Problem →
Please reproduce the lines of the records below from the one holding "L'actrice adolescente de" through the one holding "Ring San Francisco", inclusive, skipping all pictures.

Given entries →
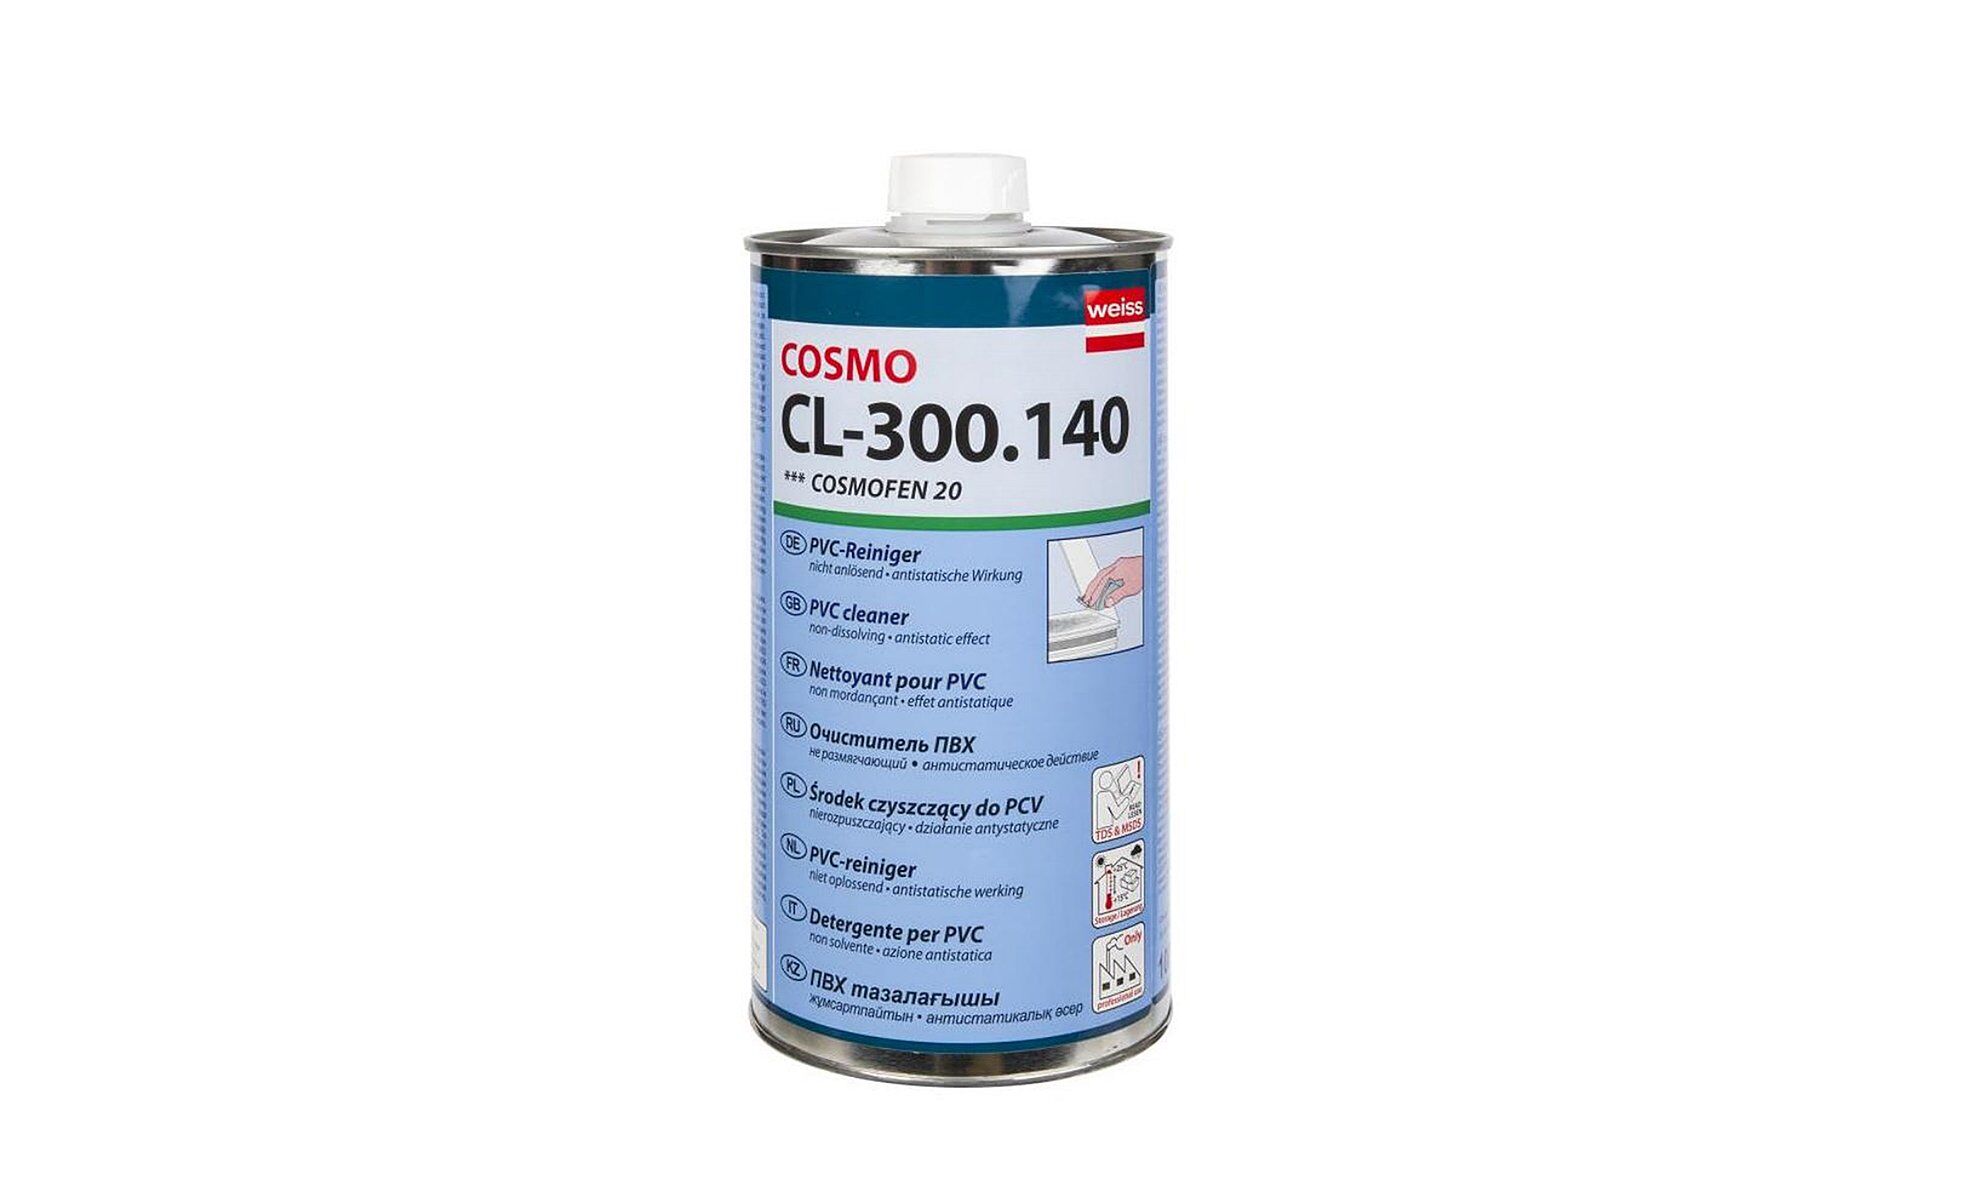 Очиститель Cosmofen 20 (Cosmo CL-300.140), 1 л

---

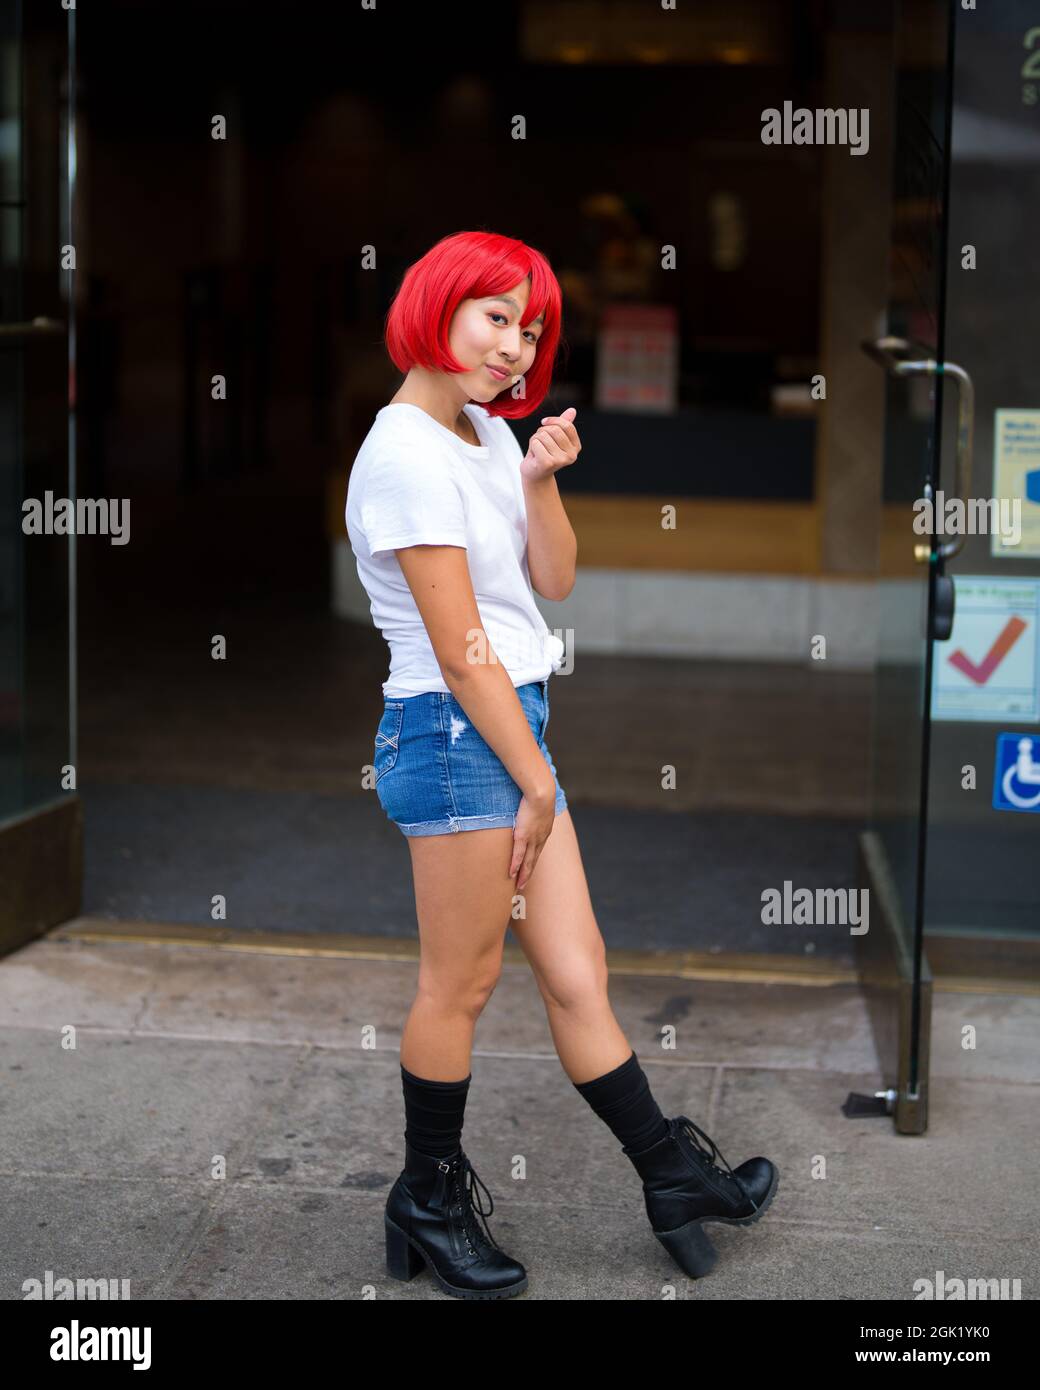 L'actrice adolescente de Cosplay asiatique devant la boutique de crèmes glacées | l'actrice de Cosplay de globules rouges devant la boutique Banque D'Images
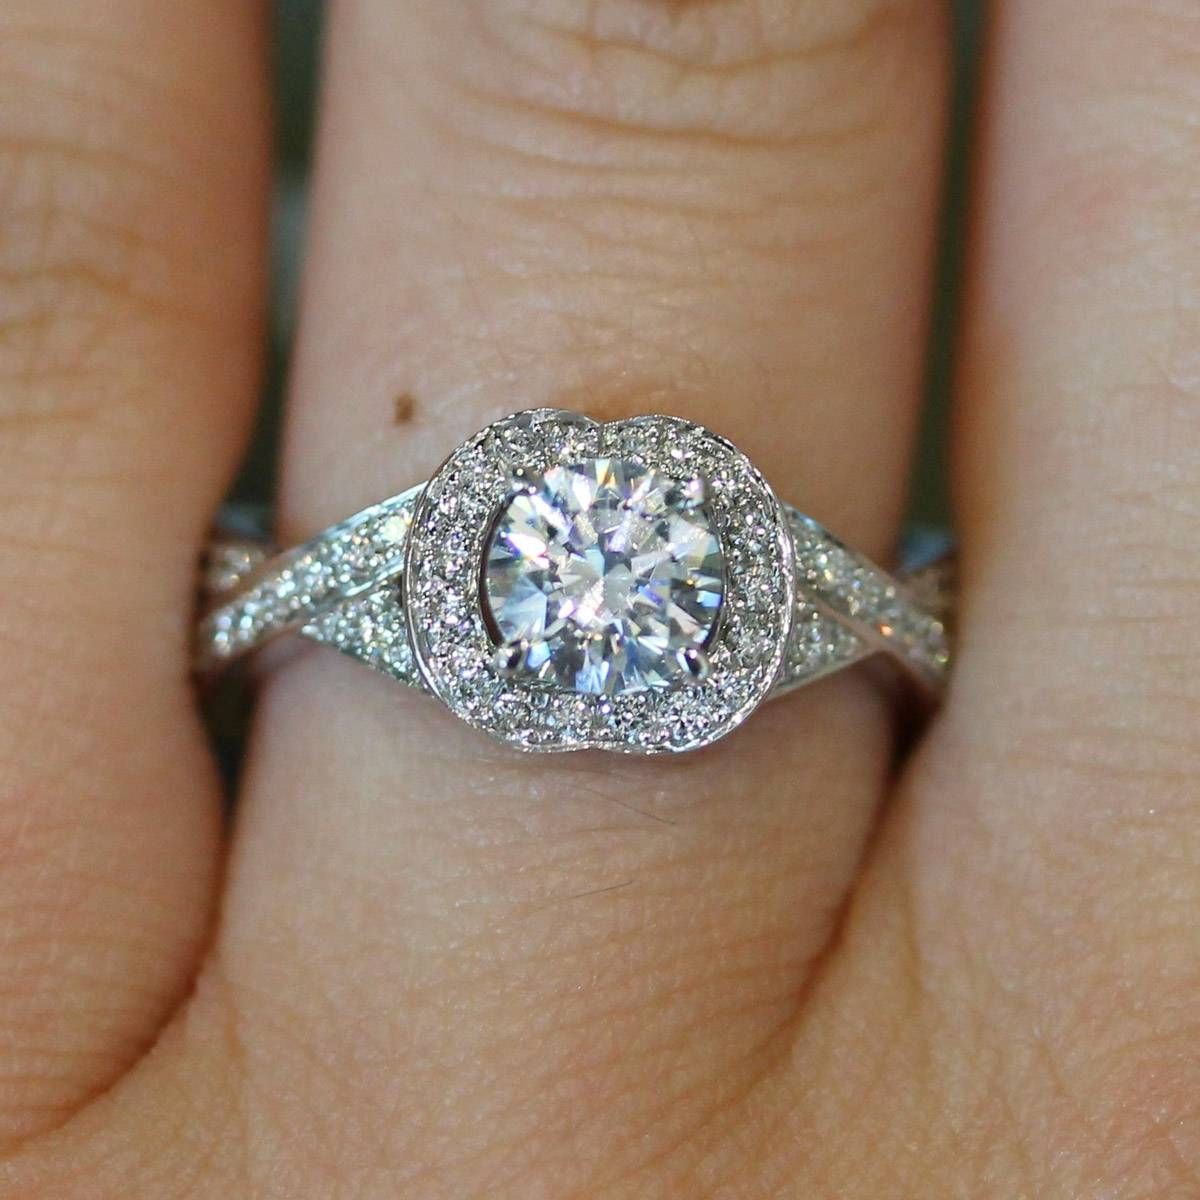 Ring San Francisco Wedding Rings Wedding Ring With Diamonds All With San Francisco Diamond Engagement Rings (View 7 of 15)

Answer to the problem →
 L'actrice adolescente de Cosplay asiatique devant la boutique de crèmes glacées | l'actrice de Cosplay de globules rouges devant la boutique Banque D'Images
 Ring San Francisco Wedding Rings Wedding Ring With Diamonds All With San Francisco Diamond Engagement Rings (View 7 of 15)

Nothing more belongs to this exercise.